At the Heart of Every Galaxy

It was the autumn of 2003 and I had become captivated by the field of cosmology which had been in turmoil since around the turn of the century with many long held beliefs becoming obsolete as data came pouring in from telescopes. Cosmologists had just faced one of their biggest challenges for years — the unwelcome arrival of dark energy: a mysterious force that seemed to be blowing the universe apart and accelerating its expansion.

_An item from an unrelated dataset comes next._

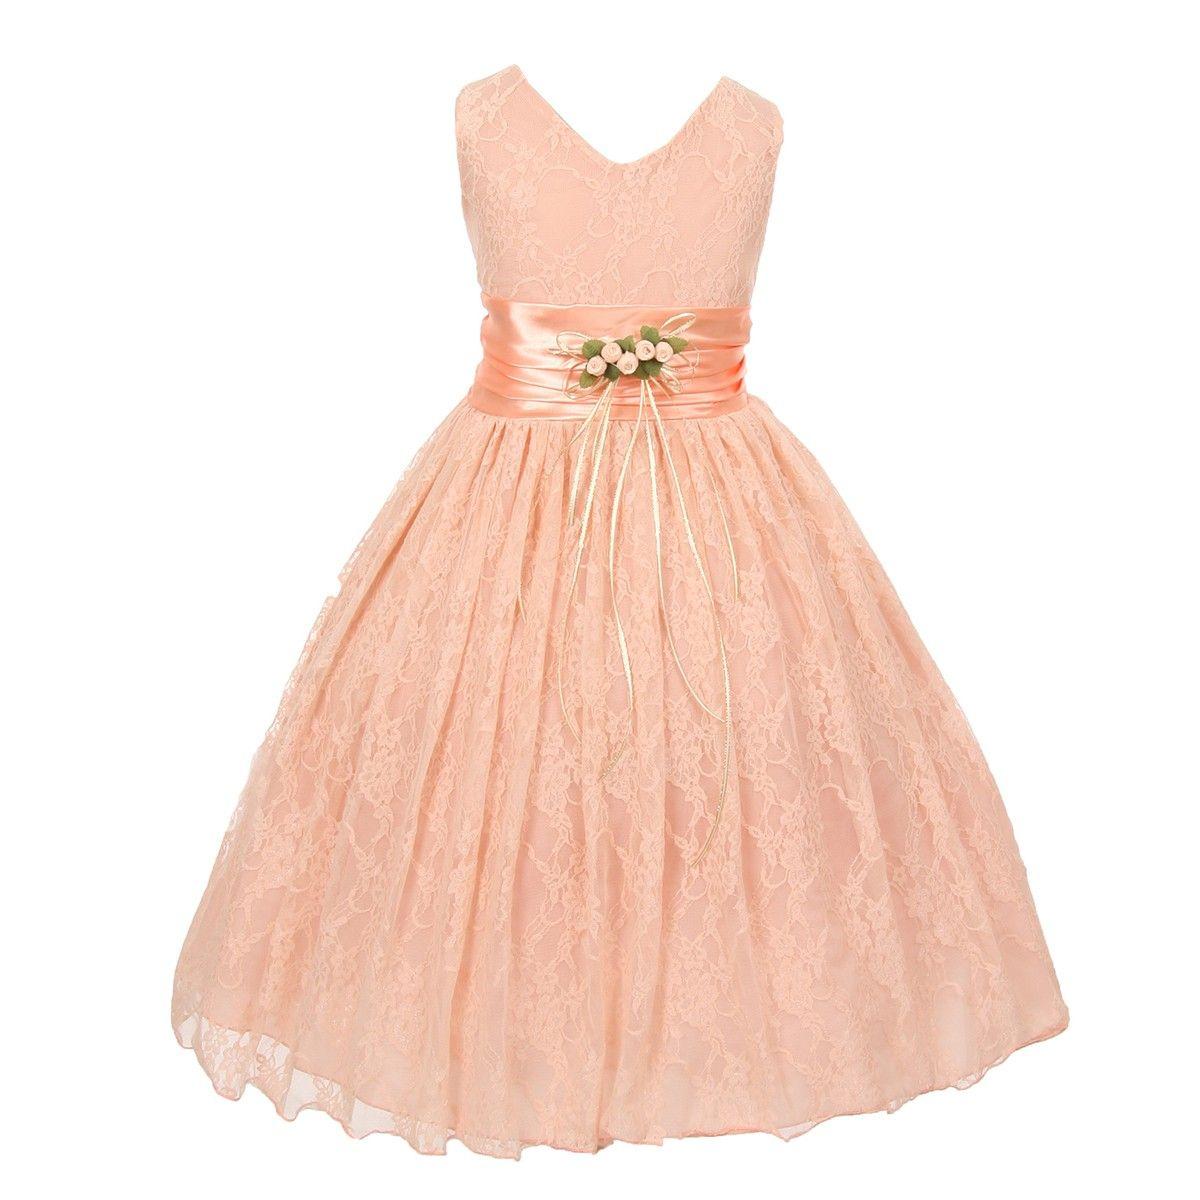 Flower Girls Peach Party Occasion Wear Dress

Images from Hubble and other telescopes were throwing open some of our long cherished beliefs and making us question our theories and expectations about the universe. I became particularly fascinated by black holes. The concept of black holes started life as a conclusion of Einstein's theory of relativity — that if space and time curved beyond a certain point they would create a point of infinite gravity. Initially it was thought that certain stars collapse at the end of their lives and produce these points of infinite density and gravity, with a pull so powerful that not even light can escape — hence a ‘black' hole.

For decades these objects remained a theoretical concept and although they sparked the imaginations of science fiction writers, it was not known if black holes really existed. It was not until the dawning of the 21st century when our telescopes were picking up black holes everywhere that we realised that not only did back holes exist, but they were actually quite common.[4] How is a black hole detected if no light can escape it? One of the ways is to look at the material around them, called an accretion disc which spins very fast around it, so fast that only the gravity of a black hole could be creating it.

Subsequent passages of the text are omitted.